It is worth bearing in mind.


----------



## Zebedee (5 Nov 2020)

The last point above is an important one and one that people often miss.


----------



## Gordon Gekko (5 Nov 2020)

Thanks. For the avoidance of doubt, I’m not asking for myself or for a family member.

I’m just trying to get my head around it.

I guess the part I’m unclear about is the point at which it ceases to make sense for someone.

e.g. if someone’s retirement income is €100,000, their house is worth €1.5m, they’ve an ARF worth €1.5m, and savings/investments of €1m, surely they’re better off just paying the €36k themselves?


----------



## POC (5 Nov 2020)

Also a lot of Nursing homes have a cheaper rate if you're on the Fair Deal scheme. So even if you end up paying the full amount of the Fair Deal rate, you could save a couple of hundred a week compared to the full Private Price.


----------



## Slim (5 Nov 2020)

Gordon Gekko said:


> Thanks. For the avoidance of doubt, I’m not asking for myself or for a family member.
> 
> I’m just trying to get my head around it.
> 
> ...


Yes. At that level of income,  FD is unlikely to be of any value.


----------



## Gordon Gekko (5 Nov 2020)

Slim said:


> Yes. At that level of income,  FD is unlikely to be of any value.



Thanks.

But based on some earlier posts, I’m still unclear.
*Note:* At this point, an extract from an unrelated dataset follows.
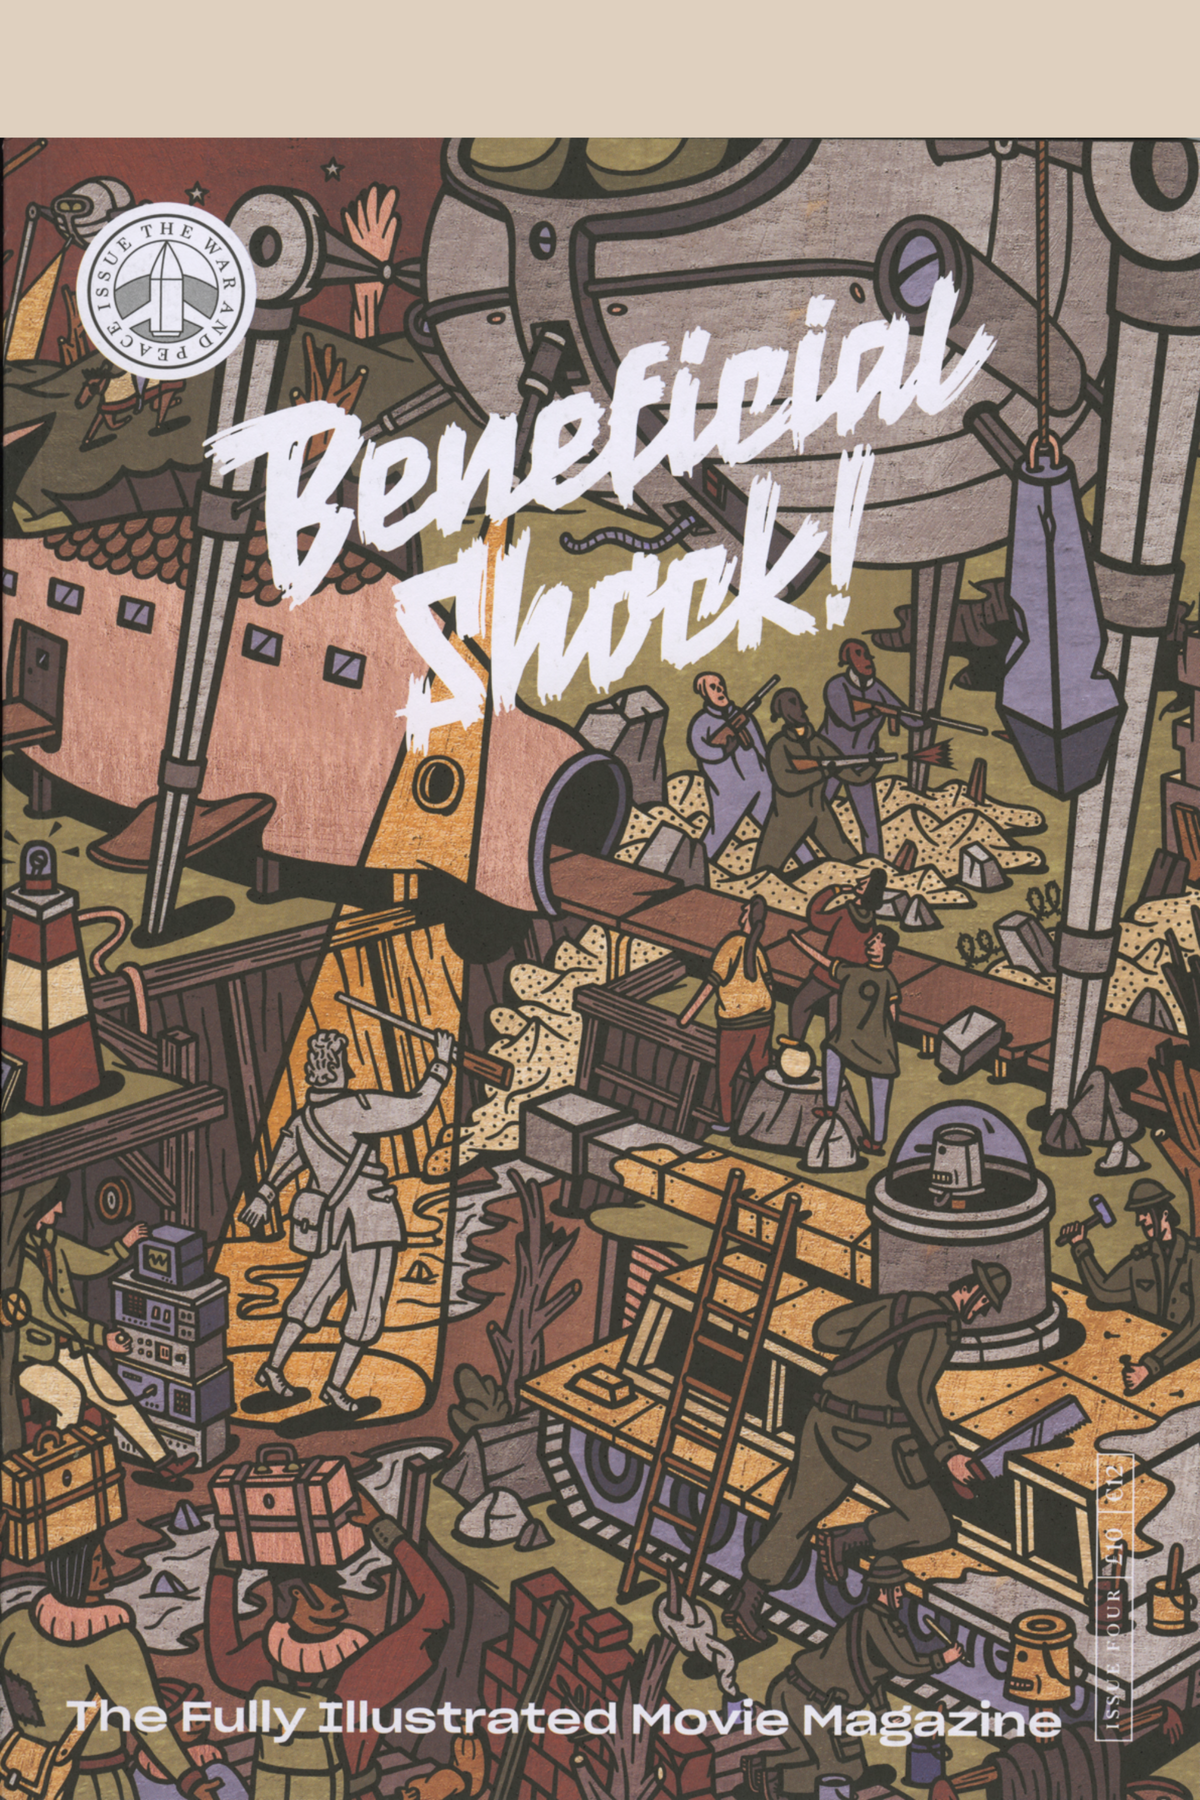 Beneficial Shock! Issue 4 : War &amp; Peace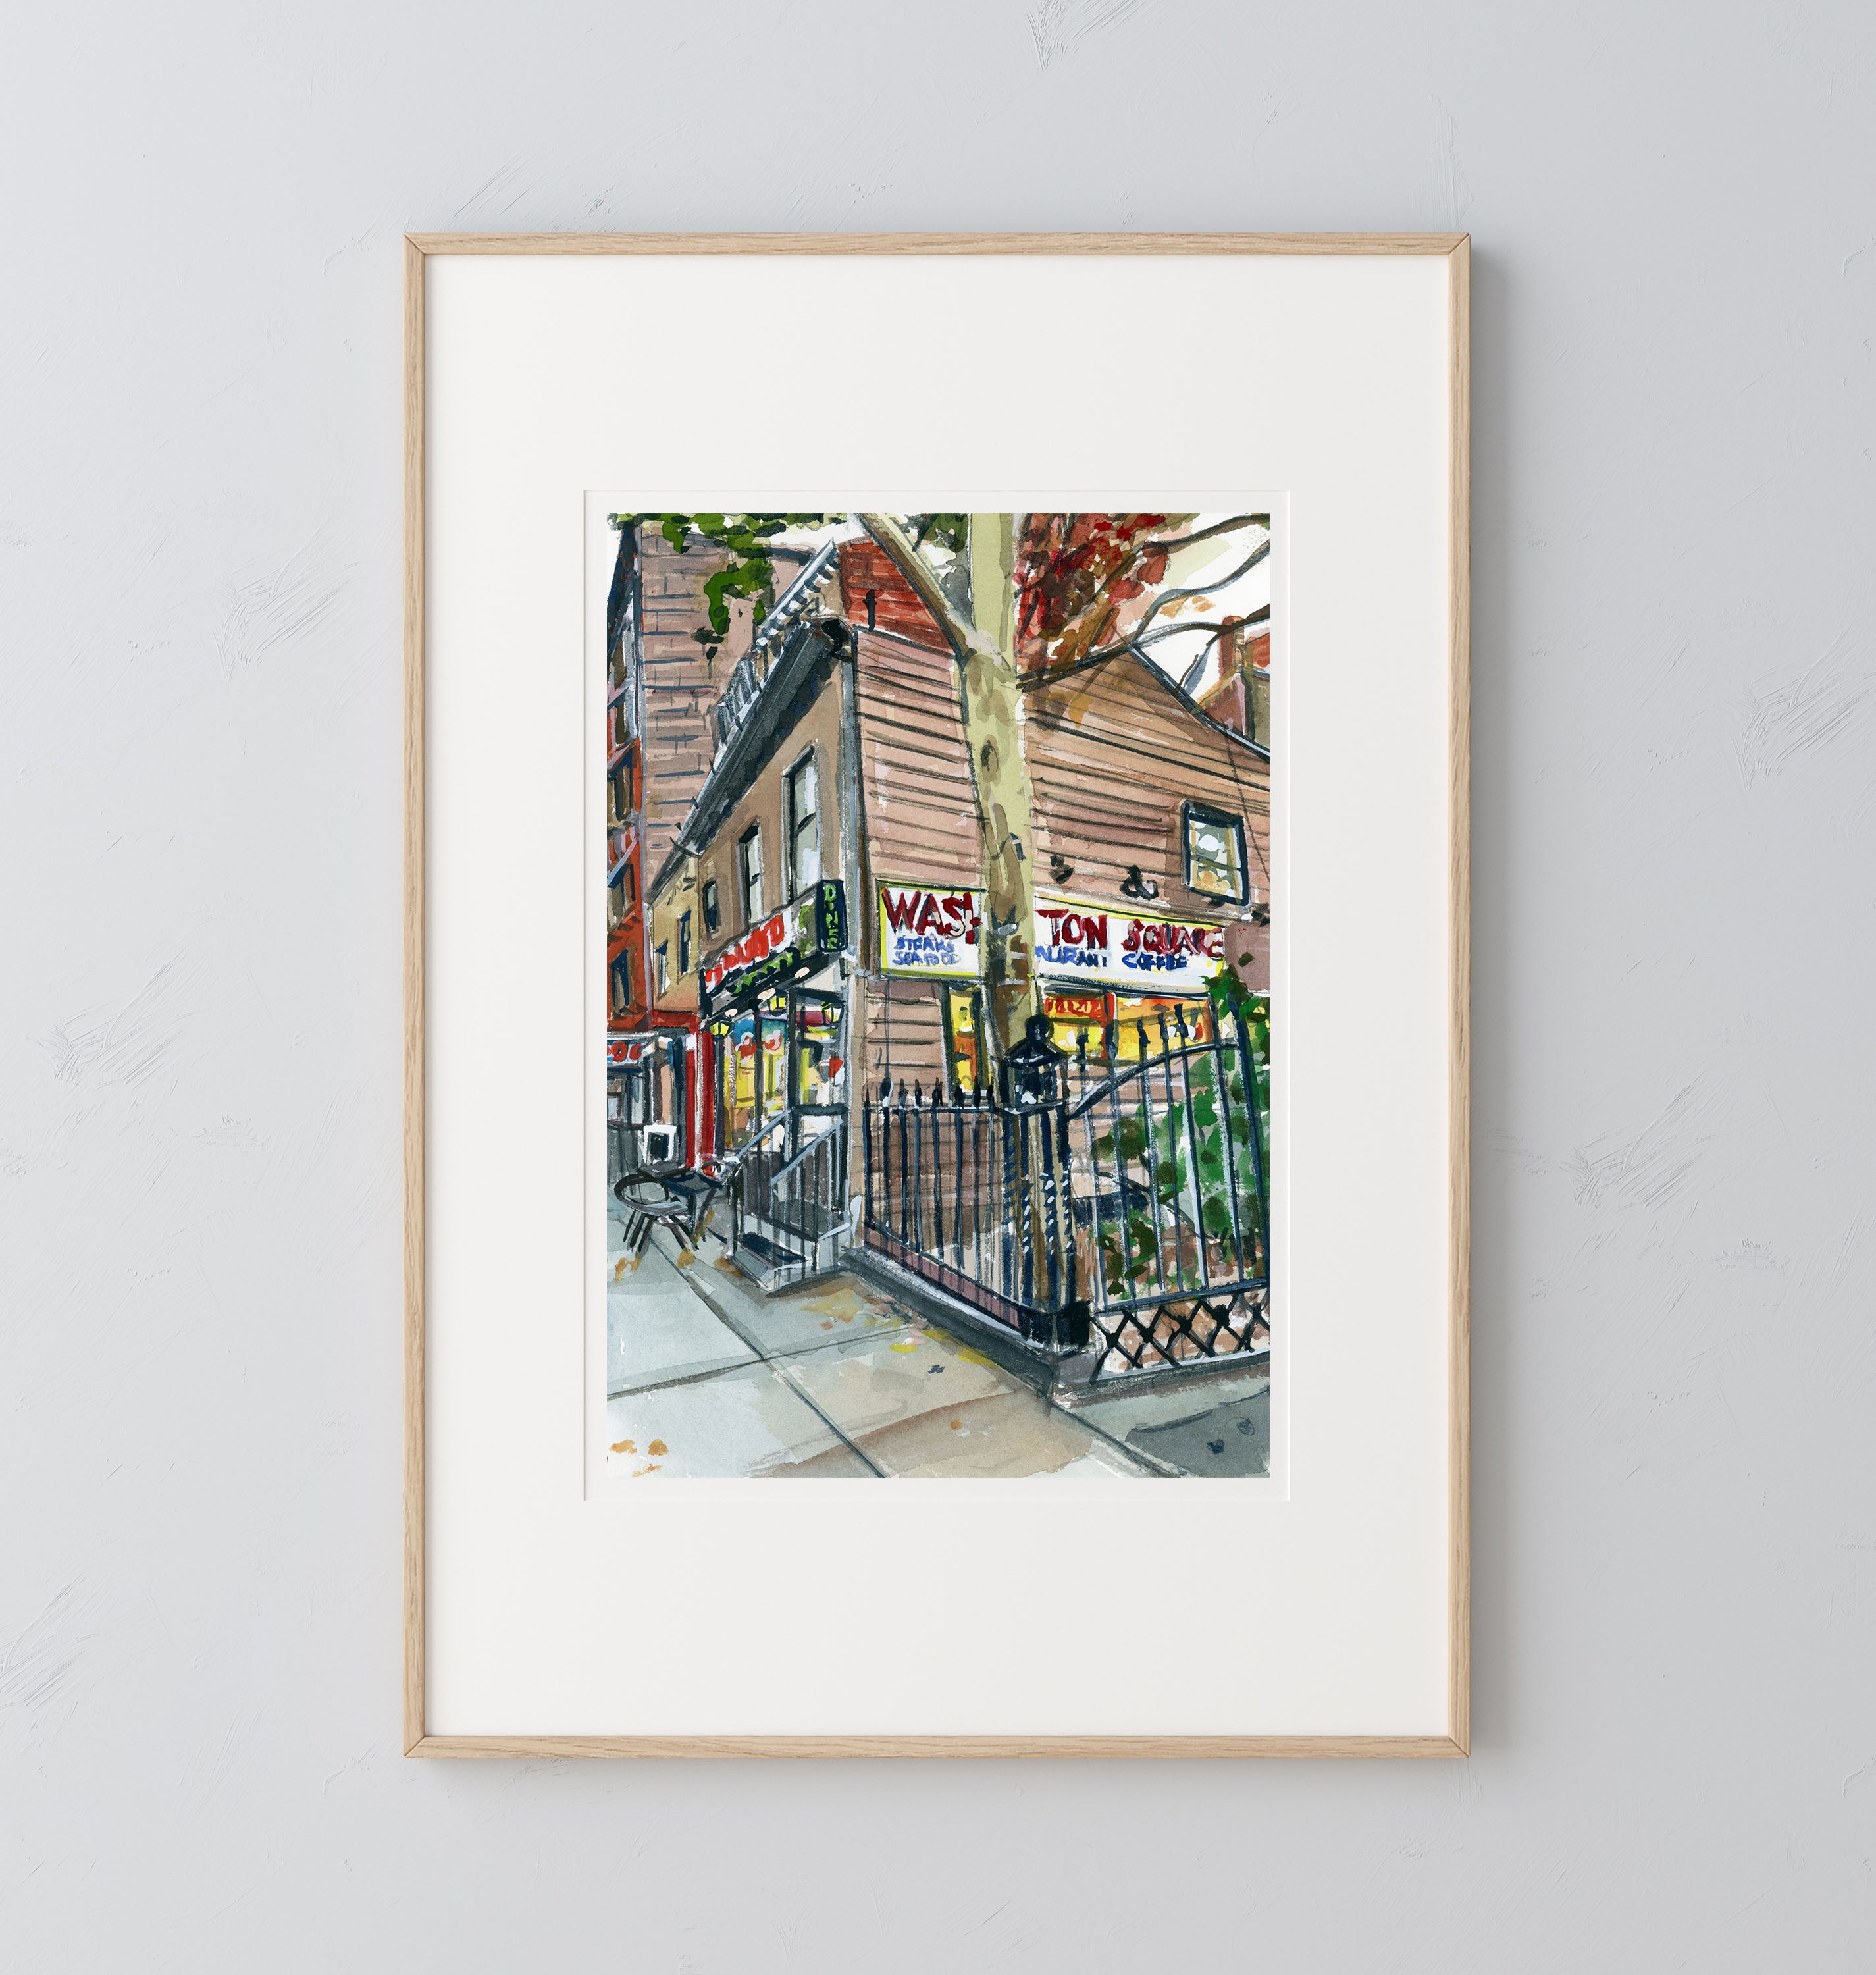 Washington Square print of painting by Medjool Studio. Print of original gouache painting capturing the scene of a corner store using vibrant colors and dynamic composition.

If the State just takes the cost of the care, does it really matter?

Say the person has €100k of pension income, they’ve a home worth €1m, and the care costs €60k a year.

Does the State just take the €60k?

i.e. not the full €80k (80%) or any of the value of the house?


----------



## huskerdu (6 Nov 2020)

Gordon Gekko said:


> Thanks.
> 
> But based on some earlier posts, I’m still unclear.
> 
> ...



Yes, the fair deal scheme pays the difference between the cost and the assessment of what you can afford. If you can pay the full cost,  the HSE does not pay anything or take anything from you


----------



## Slim (6 Nov 2020)

Gordon Gekko said:


> Thanks.
> 
> But based on some earlier posts, I’m still unclear.
> 
> ...


No, you pay the nursing home direct. FD will not come into it.


----------



## Gordon Gekko (6 Nov 2020)

Slim said:


> No, you pay the nursing home direct. FD will not come into it.



Okay, thanks


----------



## _OkGo_ (6 Nov 2020)

Hi Gordon, 

I think you may be overcomplicating it a bit. The state doesn't 'take' anything, they pay the difference between what you can afford (based on assessment) and what the cost of the care is. You can find the published costs here but it doesn't matter whether the home costs €60k or €80k, if you have been assessed as being able to afford €40k, then the state picks up the difference.

In your first example, that individual would simply be too wealthy to avail of the FDS because of both the high income and high assets.

In your second example, that individual would likely be entitled to some support after year 3 when the PPR is excluded.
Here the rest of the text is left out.